Abstract
Background/Aim: The relationship between renal function and severity of cardioembolic stroke (CES) stratified by sex remains poorly understood. Patients and Methods: A total of 640 consecutive CES patients within 48 h after stroke onset and with a modified Rankin Scale (mRS) score of 0 or 1 before onset were studied. The patients were divided into three groups based on their CCr values: low creatinine clearance (CCr) (L-CCr) (n=71, <30 ml/min), middle CCr (M-CCr) (n=227, 30 to <50 ml/min), and high CCr (H-CCr) (n=342, ≥50 ml/min). We compared the severity and functional outcomes of stroke among the three groups according to sex. Results: On admission, using the National Institutes of Health Stroke Scale, the L-CCr group had the most severe stroke, followed by the M-CCr and H-CCr groups (p<0.0001). Functional outcomes at discharge, assessed using the mRS, were the worst in the L-CCr group, followed by the M-CCr and H-CCr groups (p<0.0001). Multivariable analyses revealed that L-CCr was a significant determinant of severe stroke on admission and poor functional outcomes at discharge. According to sex, L-CCr was a significant determinant of severe stroke on admission and poor functional outcomes at discharge in female patients, but not in male patients. Conclusion: Low CCr is a risk factor for severe stroke on admission and unfavorable functional outcomes at discharge in Japanese CES patients, and particularly in female patients.
- Atrial fibrillation
- creatinine clearance
- cardioembolic stroke
- stroke severity
- functional outcome
The prevalence of both chronic kidney disease (CKD) and atrial fibrillation (AF) is increasing annually with the aging of the population (1). The Fushimi AF registry, which provides current clinical practice regarding real-world AF management in Japan, showed that 1.1% of the total population has AF and 26.4% of patients with AF have CKD (2). CKD is considered a risk factor for cardiovascular events; the presence of albuminuria and estimated glomerular filtration rate (eGFR) <60 ml/min/1.73 m2 increase the risk of cardiovascular events (3, 4). Creatinine clearance (CCr) and eGFR are calculated using an estimation formula based on serum creatinine levels (5, 6).
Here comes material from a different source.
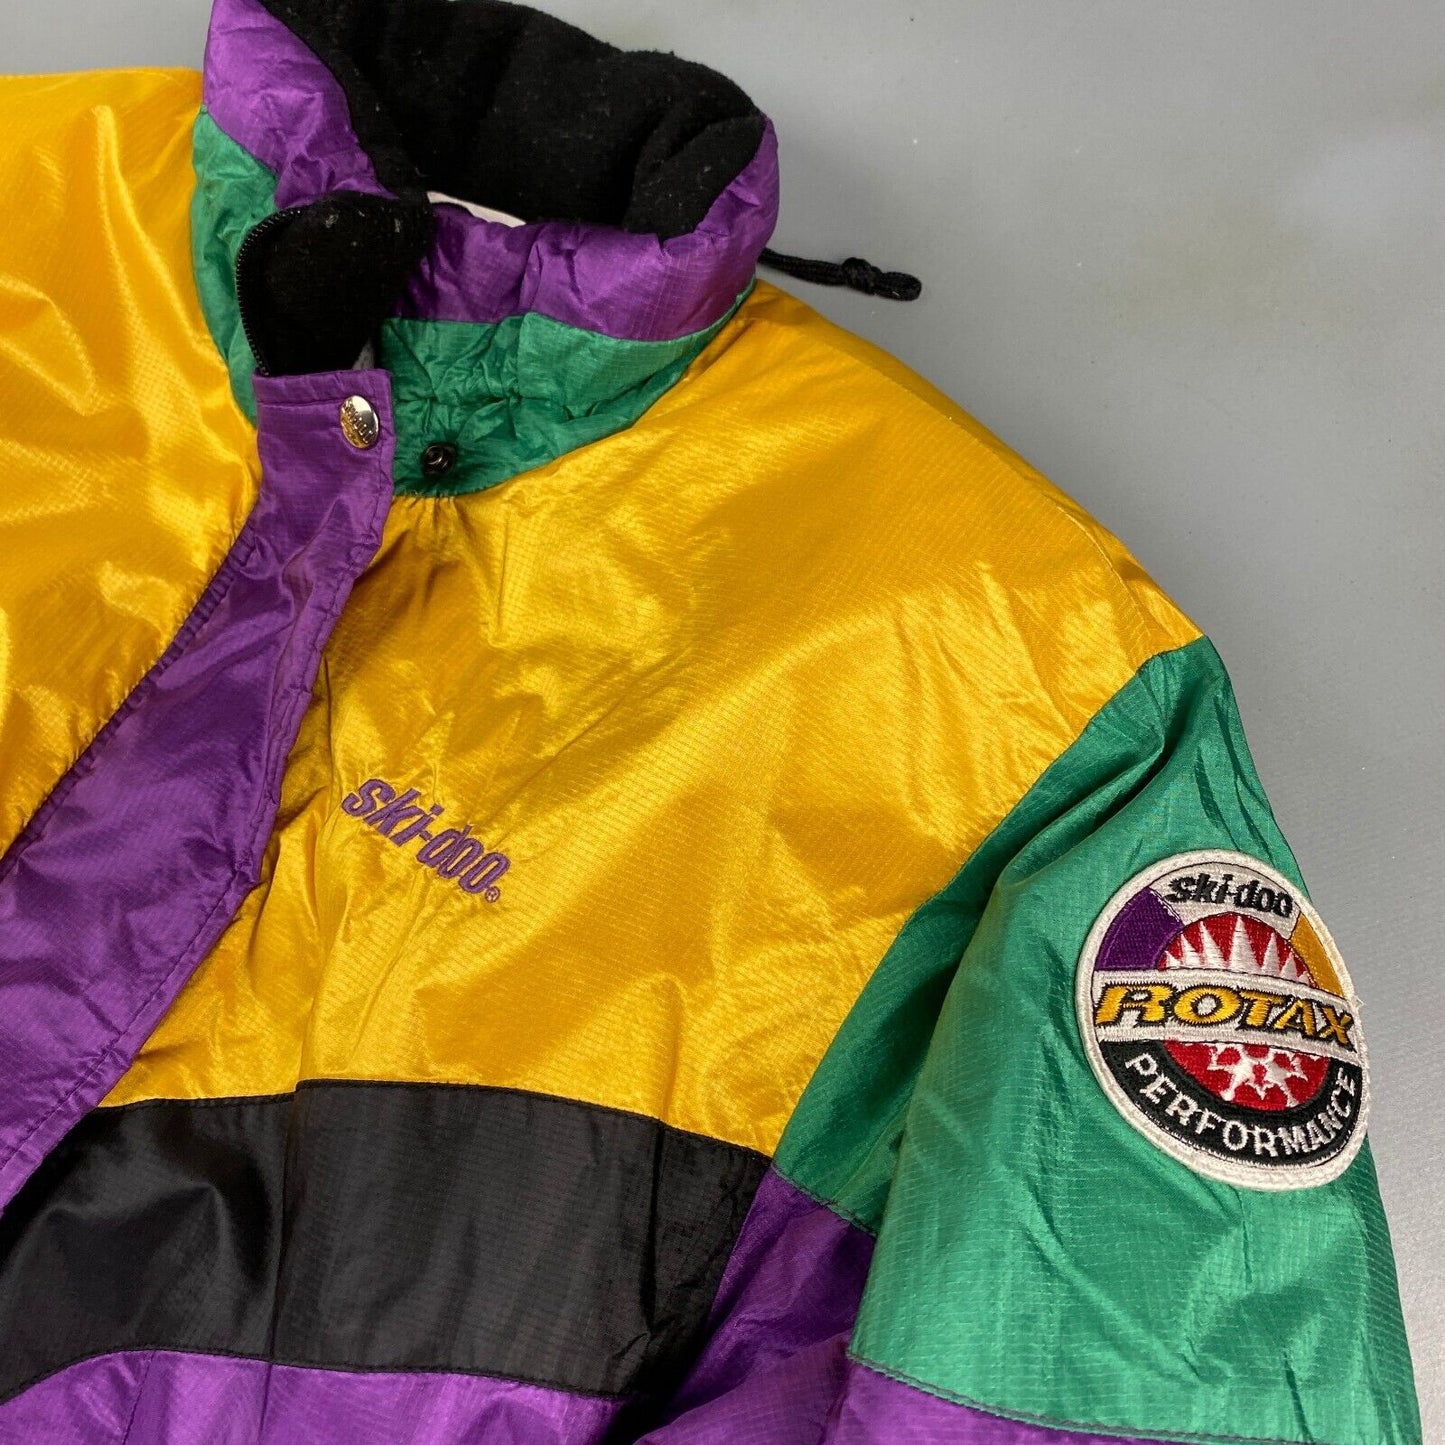 VINTAGE 90s Ski-Doo Rotax Performance Insulated Down Jacket sz Medium Adult
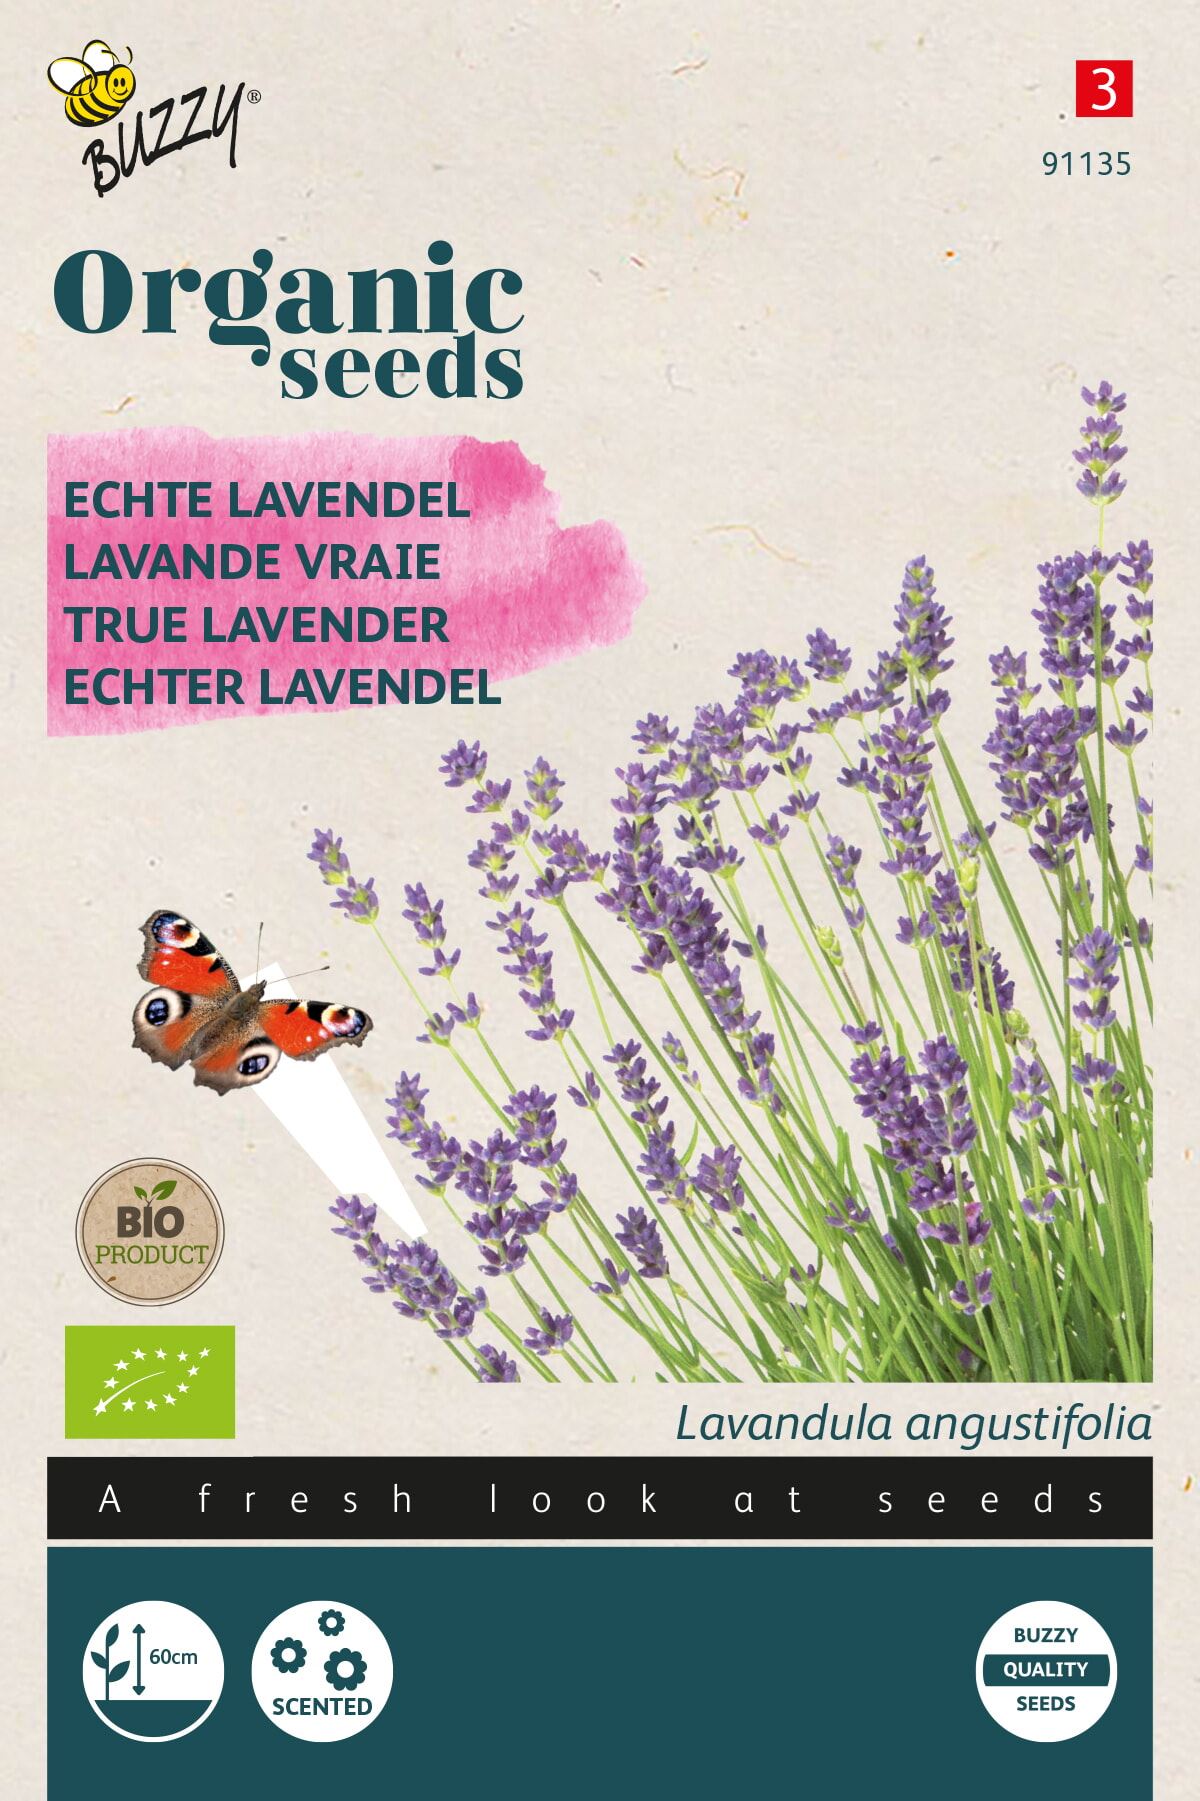 Buzzy® Bio Lavendel zaden

As the value of creatinine differs based on sex and muscle mass, sex affects these formulas and some studies have investigated sex differences in CKD (7, 8).
Cardioembolic stroke (CES) associated with AF has been reported to be severe and has a poor functional prognosis; thus, anticoagulation is important for stroke prevention (9-11). Additionally, several studies investigating sex-related differences in the severity and functional outcomes of stroke in patients with ischemic stroke showed that the female sex is associated with severe stroke and unfavorable outcomes (12-15). However, few studies have reported the relationship between renal function and prognosis in patients with CES in relation to sex. In this study, we assessed the severity and functional outcomes of stroke in patients with CES with nonvalvular AF (NVAF) based on renal function in each sex.
Patients and Methods
Study patients. The Hirosaki Stroke and Rehabilitation Center (HSRC) provides an acute therapy in a stroke care unit and a rehabilitation therapy in a recovery rehabilitation ward. Over a 9-year period from April 2011 to March 2020, 1,659 consecutive patients with CES were admitted to the HSRC for acute therapy and chronic rehabilitation therapy within 60 days after the onset of CES. Of them, 640 patients with CES with NVAF within 48 h after the onset of the disease who had a modified Rankin Scale (mRS) score of 0 or 1 were studied (Figure 1).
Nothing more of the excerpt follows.